La Palestine revit par strates brillamment animées. Les temps se mélangent, le narrateur, hanté par la voix de sa grand-mère, se promène dans hier, se perd, reprend tout depuis le début… À présent, les soldats se rapprochent du village sans vie tandis que les colonies clignotent au loin.

Prise de conscience d’« une longue vie capitulée »

Soumis aux voix qui tonnent sous son crâne (les « wiswisis », « ombres ennemies » ou acouphènes monstres qui fissurent les mots), Faysal revit son enfance et celle de sa grand-mère, qui dut abandonner, en 1948, son village au nom oublié.
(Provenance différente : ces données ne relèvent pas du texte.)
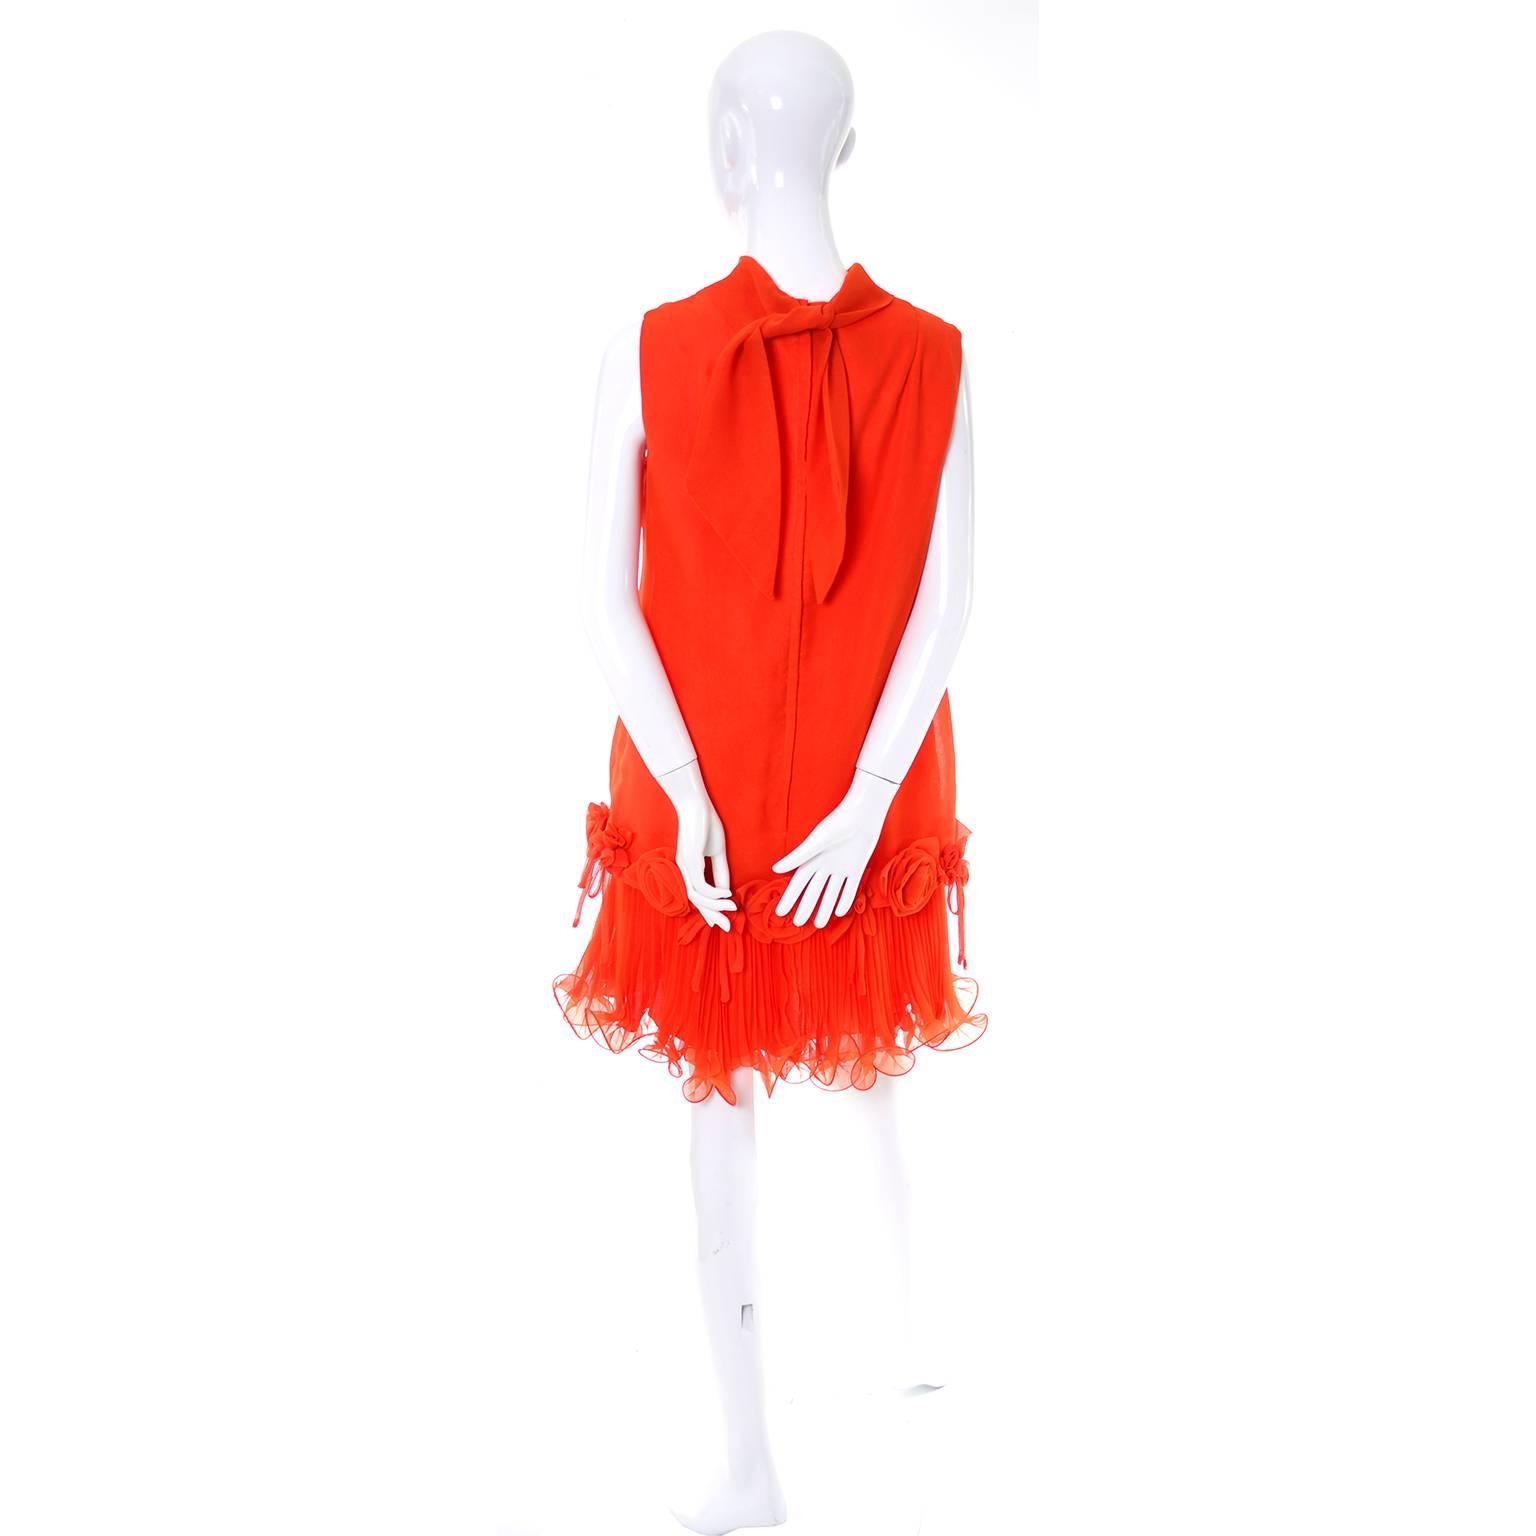 Women's New Dupuis Jack Bryan Vintage Dress Dead Stock W/ Tags Tomato Red Chiffon 1960s

L’histoire du village de Jabalayn s’incarne à travers des figures de jadis : le restaurateur Jihad, par exemple, qui, un jour, reçut Abou Ammar (Arafat) venu goûter « le meilleur foie de Palestine ». Il est aussi question de l’amour entre Ayoub, l’oncle magnifique, et Joséphine, la sorcière de la vallée. C’est la Palestine d’avant, ses arbres fruitiers, ses fleurs, ses amandiers, si chers au poète Mahmoud Darwich, mais aussi la pierre de taille des maisons, si reconnaissable, et le vert des oliviers pas encore déracinés. C’est surtout la grande maison hantée qui s’illumine la nuit, « prête pour le retour de personnes qui n’existent plus ». Il y a, enfin, la prise de conscience progressive de Faysal, « rejeton des hommes d’affaires et de grandes bourgeoises, résistants quand c’est de bon ton » qui, sans le savoir, a vécu au loin « une longue vie capitulée ». Prise de conscience amorcée dès l’aéroport, devant une affiche : « As soon, à Haïfa, un musée de commémoration de la culture palestinienne ».
Toujours, guettant le récit, la présence des colons sur leur terre à eux tandis que « le monde regarde ailleurs ». Avec ce premier roman de Karim Kattan (né à Jérusalem en 1989), on n’est pas près d’oublier sa Palestine intime, vue d’un œil neuf jamais sous contrôle.